The sweet spot remains at 16 ms because there you could get 60 images to display per second. iPad 4 is at 116 ms which is 7 times that amount. Getting there slowly but steadily, just 2 or 3 more iPad generations… or maybe Apple will finally add hardware acceleration to UIImage/CGImage.

I almost forgot to mention that I also tested armv7 versus armv7s on iPhone 5 and iPad 4 which are the two devices that currently support this instruction set. But I could not see any sort of difference in the numbers.

Conclusion

Bear in mind that we are only looking at the performance we can see via UIImage and Quartz which for the most part is only looking at the CPU because of the synthetic nature of the drawing. There is no compositing which is GPU-accelerated. There is a technique to decompress images on the GPU via CoreImage, but unfortunately it takes more time to load the image data onto the GPU from disk than it takes to decompress it on the CPU. This technique is only useful in scenarios where you want to decompress the same images often, say in a game where the images are textures.

I’m speculating that these findings about the iPad 4 are also telling us part of the reason why Apple already released the iPad 4 this fall. According to Moore’s law we should be able to expect twice the CPU performance in an iPad released one year after the iPad 3. But the iPad 4 is only a linear improvement and not an exponential one.

Possibly Apple’s silicon engineers are seeing what performance they can achieve with a given architecture and feature size and then Apple is deciding the release time based on that? If they had released the iPad 4 in spring it would have been less of the expected improvement. By releasing it ahead of the general expectations they manage to keep their head start and also get the new power connector into their main tablet product. Also the iPad 4 is the first tablet where game makers can crank the rendering target resolution to be equal to the pixels.

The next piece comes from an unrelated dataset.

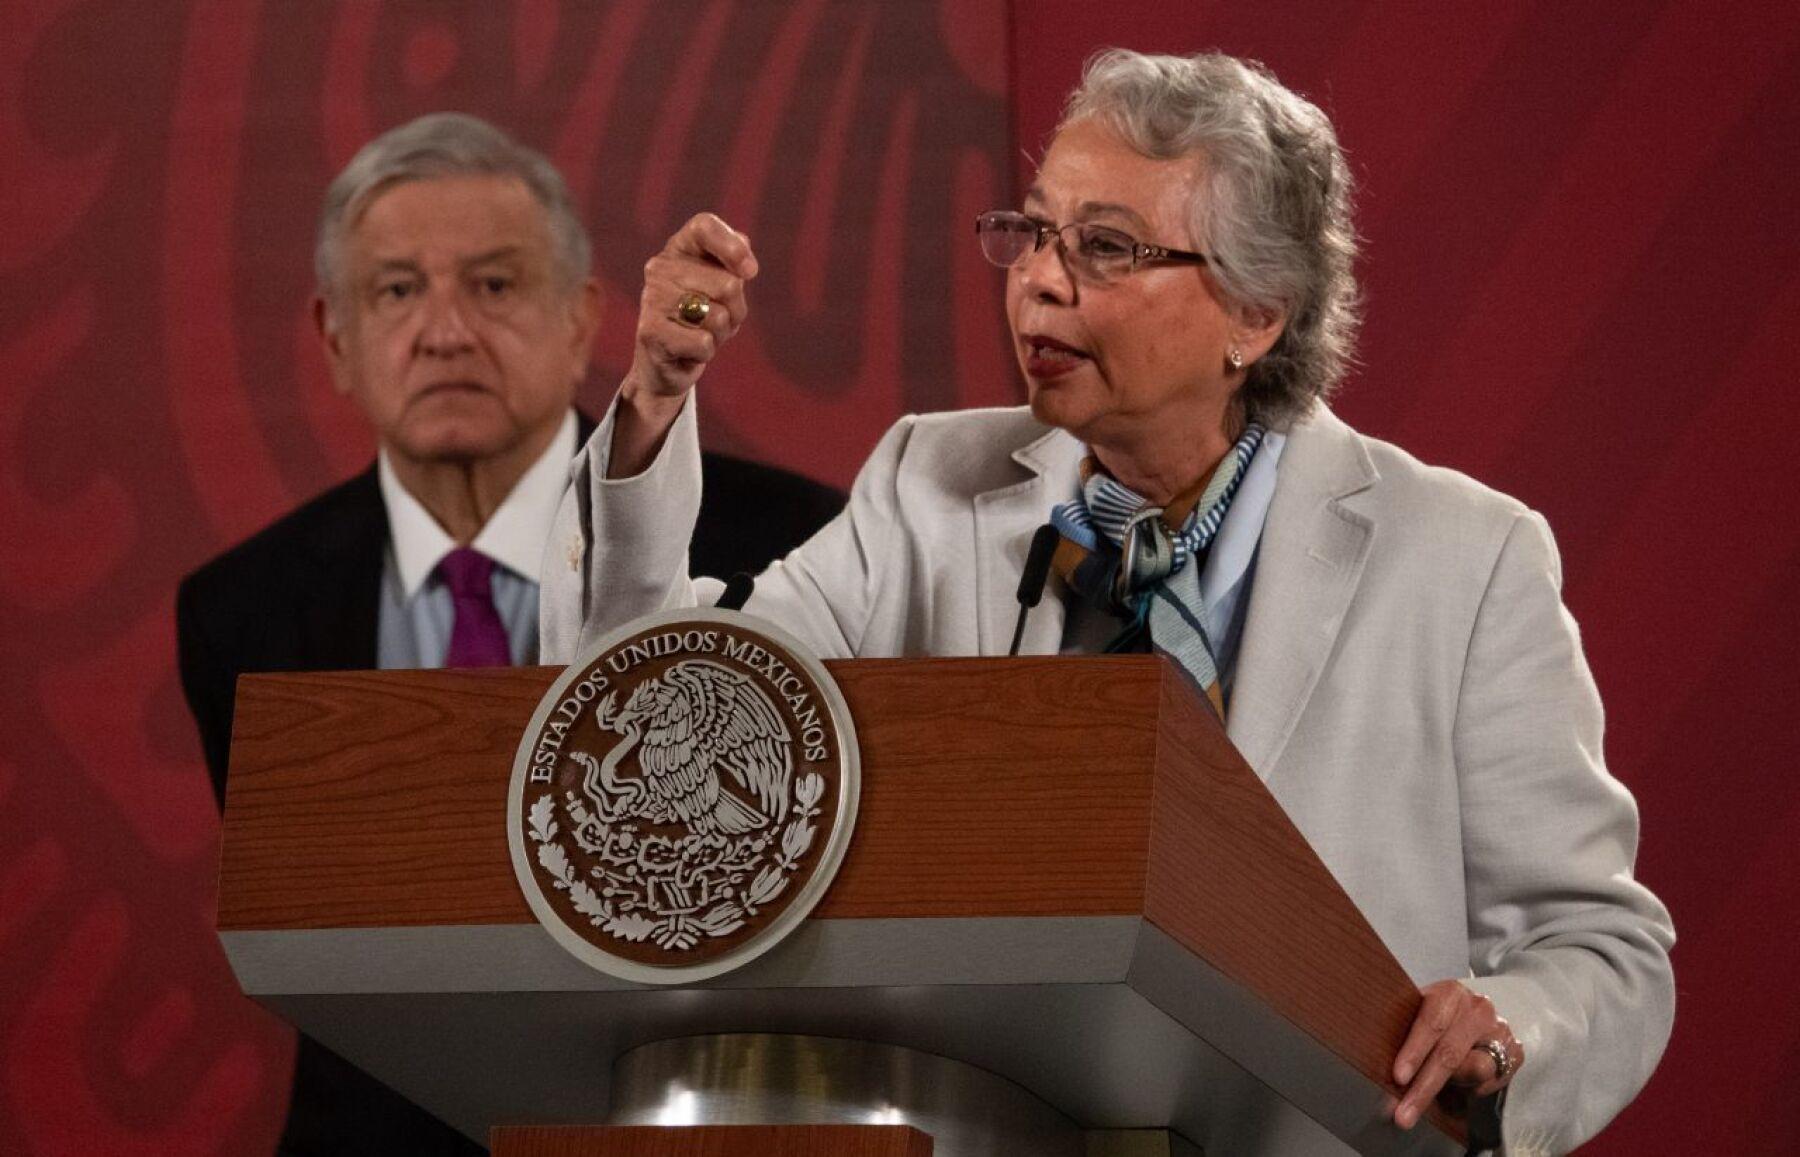 Andrés Manuel López Obrador, presidente de México, acompañado de Olga Sánchez Cordero, secretaria de Gobernación, durante la conferencia matutina en Palacio Nacional
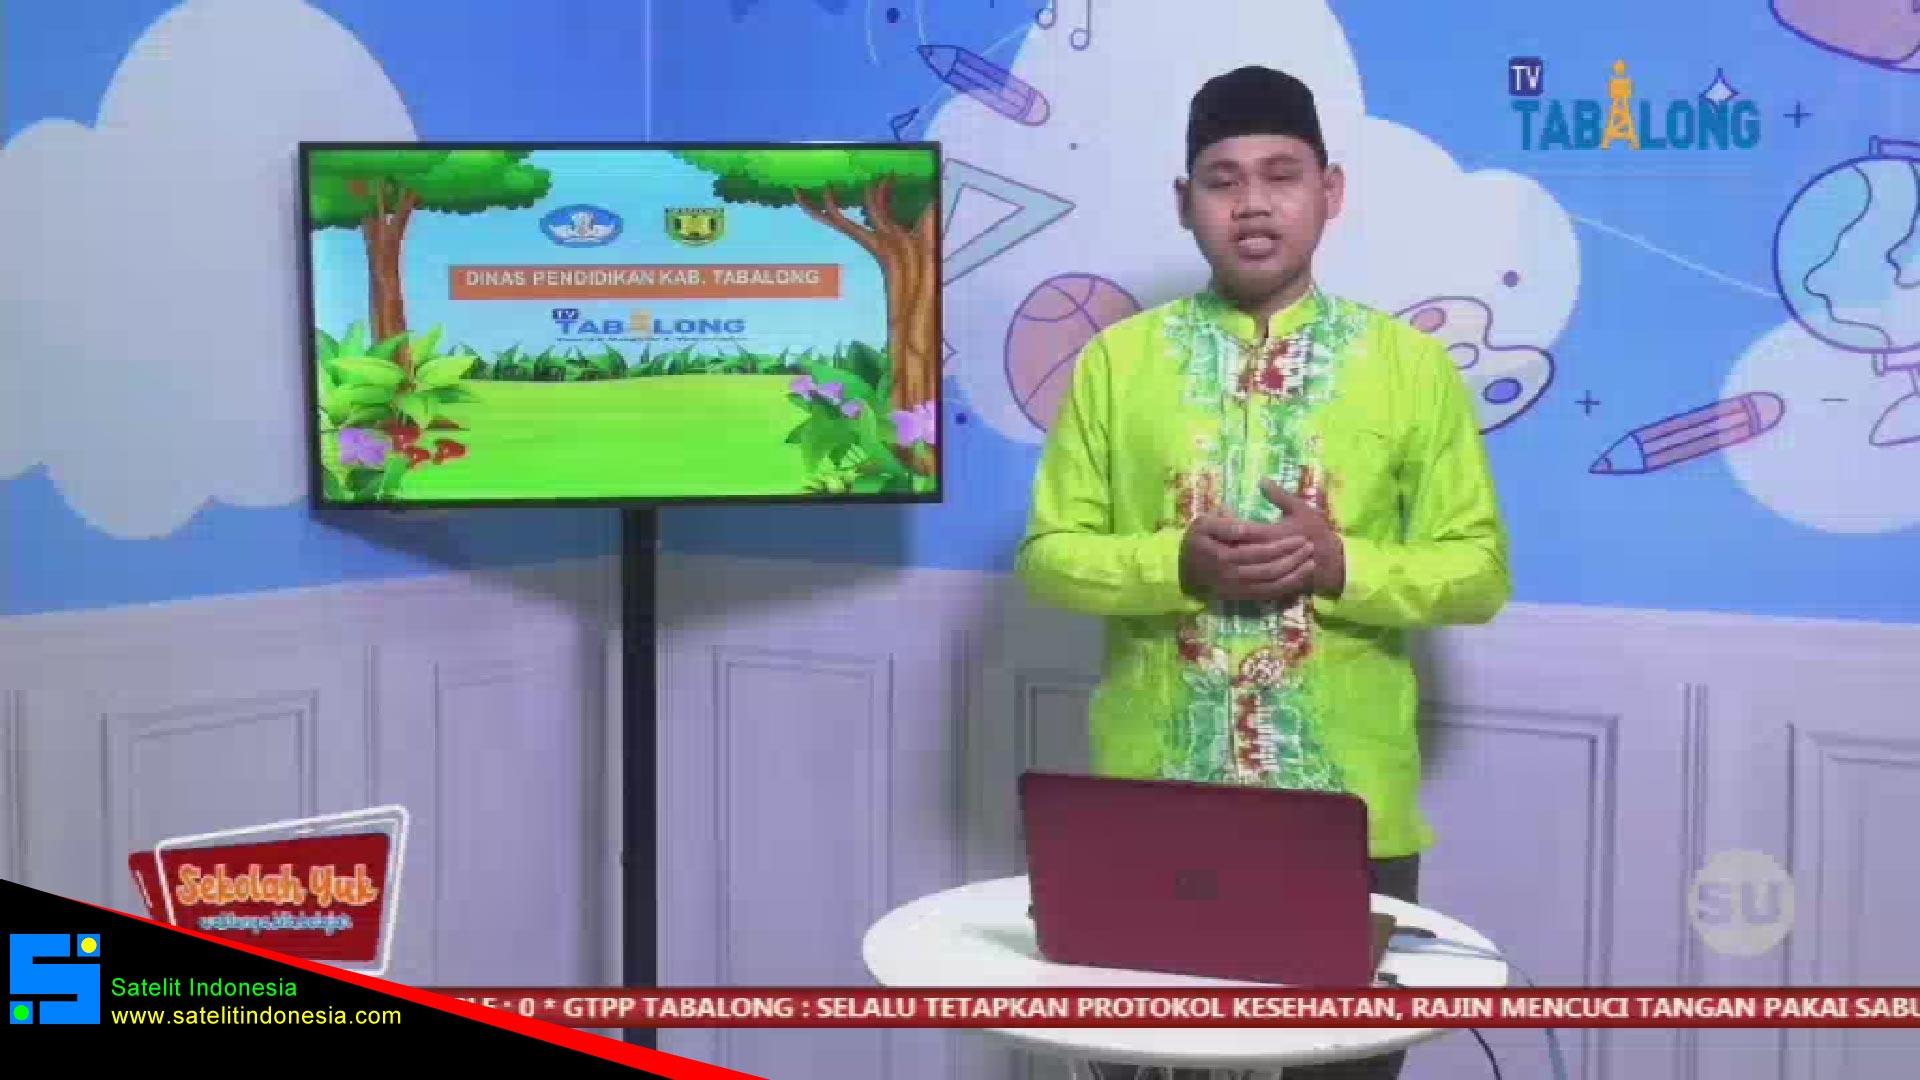 Frekuensi siaran TV Tabalong di satelit Telkom 4 Terbaru

I predict we will see the next iPad be release as early as next spring because they still have the double register trick up their sleeve. We would have seen a much bigger jump if they had already used this sleight of hand.


Categories: Apple

4 Comments »

  1. I’m a chemist, and perhaps your wording is meant humorously, but in “Apple’s silicone engineers…” — silicon is the element that is used in chips, “silicone” is used for bathtub caulk, or breast implants…

  2. Moore’s Law: The number of transistors doubles every 24 months. That does has nothing to do with CPU performance as those transistors are used for many things on modern SOCs. And it’s 24 months not 12.

    Regardless, appreciate the benchmarks.